Читаем Похищение огня. Книга 2 полностью

Иногда, встречая на прогулке своего молодого ученика и друга Либкнехта, он охотно рассказывал ему о средневековом Гайд-парке, где в дни праздников ставились на лугу мистерии, а девушки, одетые ангелами, визжа, убегали от заигрывающих с ними юношей — чертей. Божья матерь дискутировала с сатаной, а зрители, рассевшись на траве, то и дело вмешивались в театральное действие, вставляли свои замечания, ругали актеров, кидали им яблоки и букеты лаванды. Раскатистый смех непрерывно сотрясал навес — защиту от дождя. Нередко цеховые главари собирали на этом лугу своих членов и устраивали торжественные шествия с знаменами и цеховыми отличиями. Цирюльники несли символическое мыло, бритвы, миски и полотенца, портные — иглы, нитки и ножницы. В дни частых ярмарок траву Гайд-парка вытаптывали выведенные на продажу копи, коровы, бараны и свиньи. Зазывно кричали лоточники, и неутомимый гигант дни и ночи вертел визжащую карусель, а пивовары не успевали выкатывать бочки.

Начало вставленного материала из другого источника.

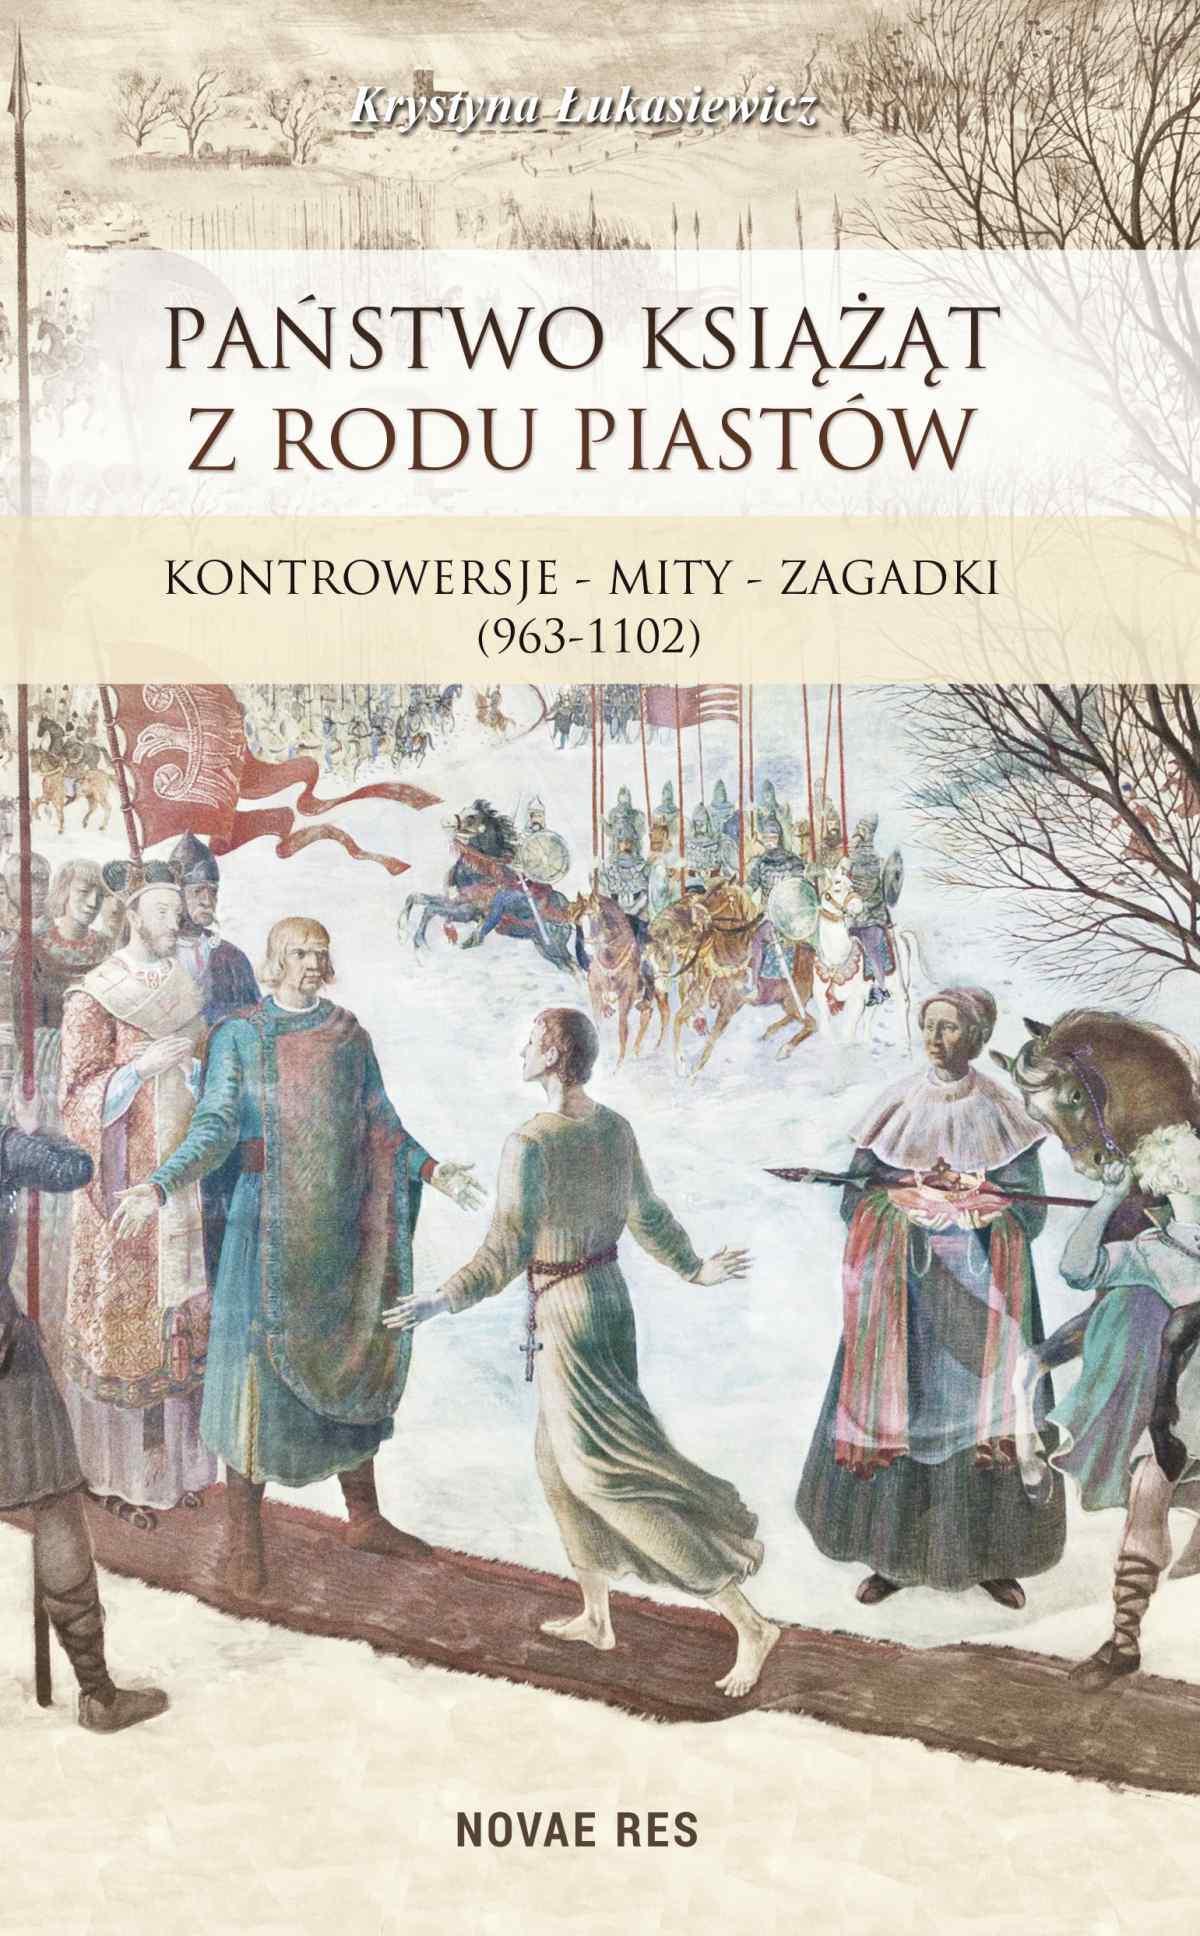 Państwo książąt z rodu Piastów. Kontrowersje – mity – zagadki (963-1102) - Ebook (Książka na Kindle) do pobrania w formacie MOBI

В годы чумы на лугах жгли трупы.

Гайд-парк ничем не был похож на кичливые общественные сады континентальной Европы.

Нарядные парки Парижа или Вены стесняли, как богатая гостиная, заставленная хрупкой мебелью и тончайшим фарфором. Там на каждом шагу ковровые клумбы, плетеные ограждения, начищенные, разглаженные дорожки, печатные угрозы и правила поведения, полные забот не о людях, ищущих отдыха, а об изнеженных и дорогих растениях. В венском Шенбрунне или парижском Люксембургском саду люди — только невольное и нередко досадное дополнение к траве и цветам.

Нищета нигде не кажется такой уродливой, как на фоне какого-либо старого фонтана, статуй или цветочных узоров берлинского Тиргартена.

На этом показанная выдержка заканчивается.